Thusly equipped, this V8 makes 360 horsepower and 360 pound-feet of torque. The 760 models sport a 6.0-liter V12 with 438 hp and 444 lb-ft of torque. Abundant power for sure, but still far below what Mercedes-Benz offers in its most powerful sedans. Still, the 760 is the greater technological marvel, as it employs direct gasoline-injection technology, which along with Valvetronic and Double VANOS, allows it to maximize power, torque and fuel economy simultaneously.
Once you step up to the super-luxury sedan segment, you expect prospective cars to amaze you with their fabulous levels of luxury and safety, and the 7 Series does not disappoint in these areas: The front seats offer up to 20-way power adjustments and the rear seats give you 14-way adjustment. And you can heat or cool just about any surface inside the car. The BMW 7 Series also offers a high level of competence when pushed hard on twisty roads -- something that can't be said of most of its competitors.

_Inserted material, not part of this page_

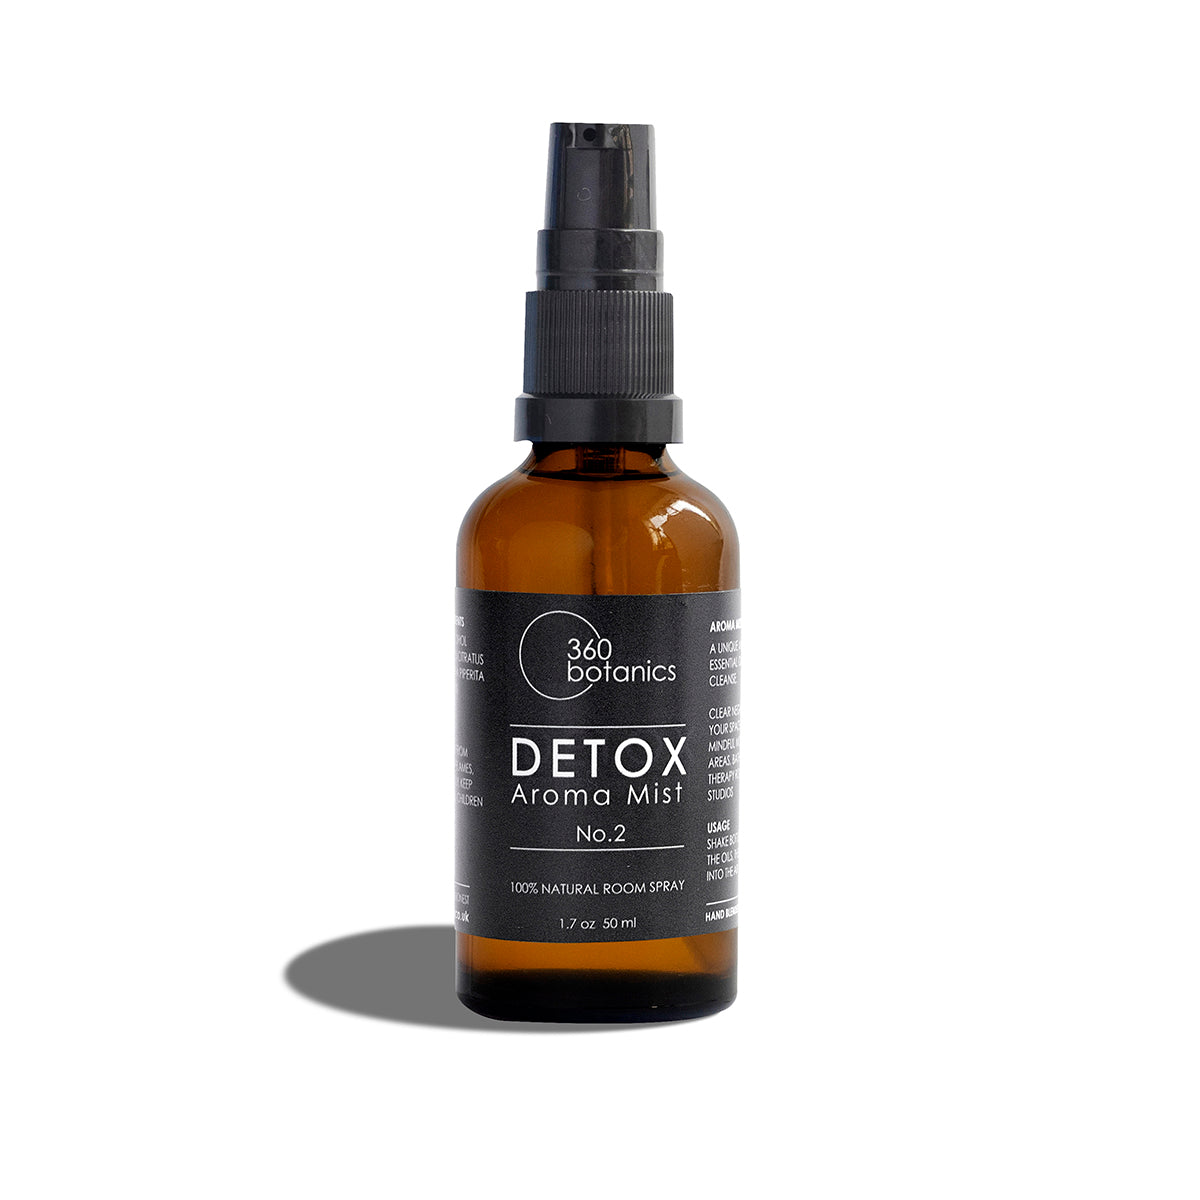 image of detox aroma mist spray

The most important innovation contained in the 7 Series is also the one that gives us the most pause: the iDrive system. While able to manage a lot of functions -- onboard telematics, including GPS navigation, Internet access and the BMW Assist system (for emergencies), as well as climate and stereo functions -- iDrive has a steep learning curve. Basic adjustments can be made rather easily, but more complex functions require time with the owner's manual and patience to learn -- and we know of more than one driver who has accidentally drifted out of his lane while fiddling with the system. If you're wealthy, love technology like this (and don't mind the frustration that comes with it) and have always wanted to own a large, luxurious sedan, the 2006 BMW 7 Series is likely the car for you. But if you seek a more straightforward experience, one of its many competitors may prove to be a more rewarding daily driver.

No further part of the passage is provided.